Broadcasting from what he claimed was his only house without a piano, the Rocketman dug out his son’s keyboard for a rendition of Don’t Let the Sun Go Down on Me, and also serenaded a delighted Lizzo with an a capella snippet of her track Juice.

“Not long ago, there was another infectious disease that was ignored,” said Sir Elton.

“Day in and day out, the disease got worse, because we did nothing. Too many forgot about compassion and decency, and so millions and millions of people perished from Aids.

“But this time, we aren’t going to let that happen. So, stay home for the ones you love.”

The star was criticised online by some afterwards, however, for comparing the Covid-19 pandemic with the spread of Aids in the 1980s and 90s.

‘The host with the biggest heart’

Lady Gaga, who did not sing but did wear sunglasses indoors, described him as “the host with the biggest heart” during the one-hour televised special and told viewers to “find joy however you can” during this period of isolation, and to help their “local communities”.

Grammy winner Billie Eilish and her brother and musical partner Finneas O’Connell delivered a chilled out version of her breakout hit Bad Guy – precisely one year after its release.

Eilish, who was relaxing on the couch underneath a baseball cap, sang the track’s signature electronic synth line.

Just like opening act Alicia Keys before him, Foo Fighter Dave Grohl dedicated his song to the first responders and healthcare professionals who are treating people with coronavirus, which has taken 2,503 lives in the US so far and killed 1,228 people in the UK.

“I’d like to dedicate this song to all the people out there who are on the frontlines,” he said when introducing My Hero. “That are doing their best to get us through all of this.

“If you sing that last chorus every time you wash your hands, I think you might be in good shape,” joked Grohl.

Fellow rocker Billie Joe Armstrong of Green Day said it was “an honour” to offer up an acoustic rendition of Boulevard of Broken Dreams.

Camila Cabello and boyfriend singer Shawn Mendes are self-isolating together and gave fans a domestic dose of her recent hit My Oh My.

The US-Cuban singer even sang the DaBaby part – in the rapper’s absence – after briefly checking the lyrics on her phone.

Manband Backstreet Boys rolled back the years with a performance of their 1999 hit I Want It That Way.

Unlike in the glory days, however, the guys were singing separately, from their respective family homes (with kids popping in and out), and joined together in a WhatsApp/Zoom-style grid – essentially a retro pop version of your post-coronavirus work meetings, but with added Los Angeles swimming pool, courtesy of Nick Carter.

Aside from the host, the UK was represented by Sam Smith, who sang their ballad How Do You Sleep, snapping their fingers for added percussion.

“I don’t play an instrument,” admitted Smith, adding. “So this is just my voice… I hope that’s OK?”

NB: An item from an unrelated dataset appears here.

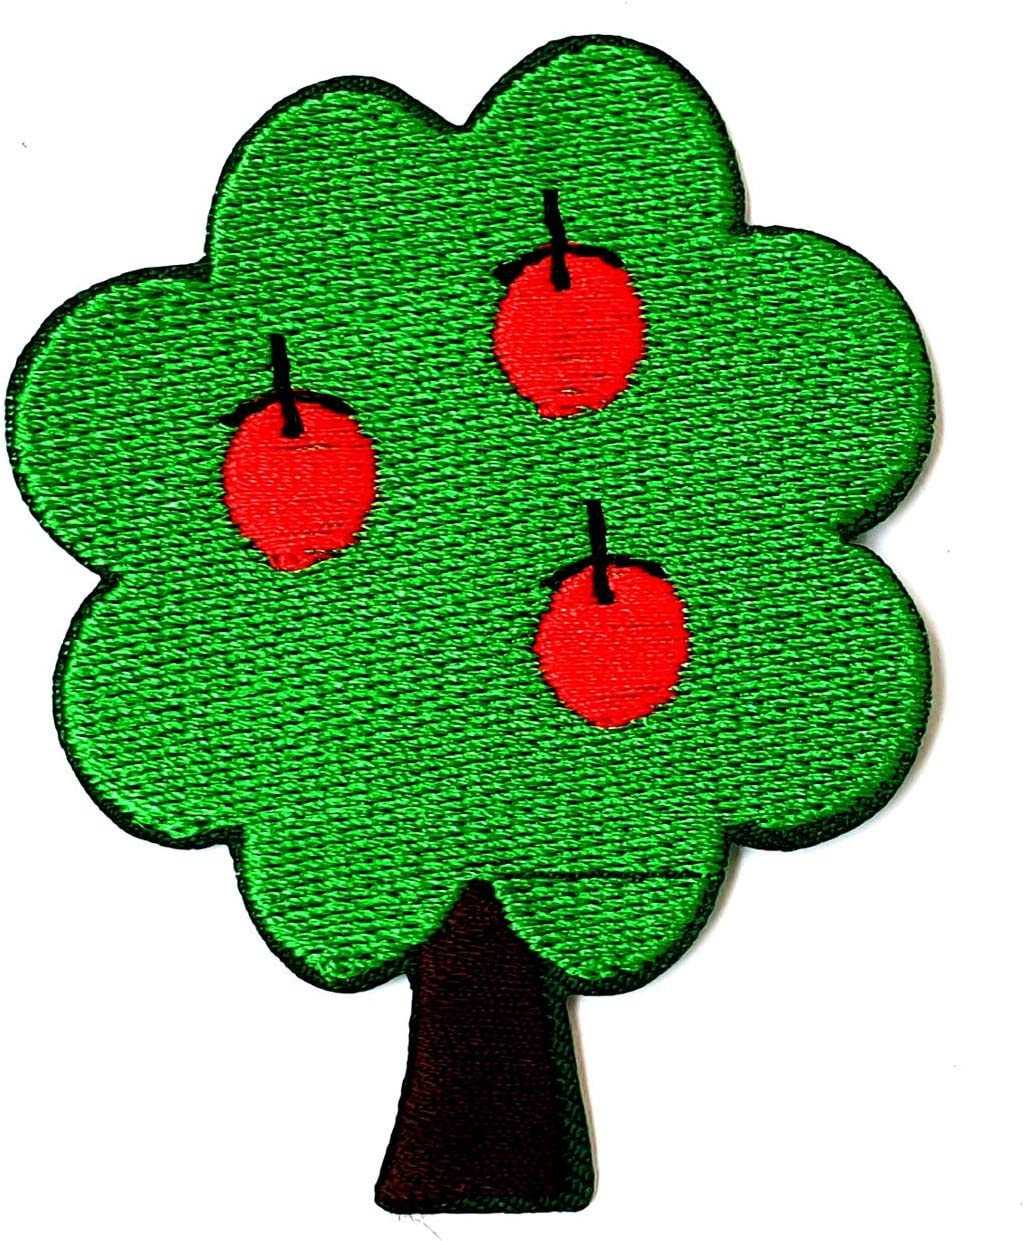 Apple Tree Red Apple Fruit Summer Garden Nature Cartoon Children Kid Patch Clothes Bag T-Shirt Jeans Biker Badge Applique Iron on/Sew On Patch

Mariah Carey thanked her twins – aka “Dem Babies” – for “staying patient with me at home and not complaining too much”.

She also belted out her 1996 track Always Be My Baby alongside a keyboard player and some remotely placed backing singers, who were beamed in.

The show, which was broadcast on Fox TV and iHeart Radio in the US, raised funds for Feeding America and the First Responders Children’s Foundation.

The amount raised was not immediately revealed, but household goods giant Procter & Gamble gave $500,000 (£400,000), which was matched by Fox.

The event filled the gap in the schedule that was left when the iHeart Radio Music Awards were cancelled.

Meanwhile, James Corden is hosting a similar fundraiser from his garage on Monday, with Eilish, Dua Lipa and BTS among those due to join him remotely.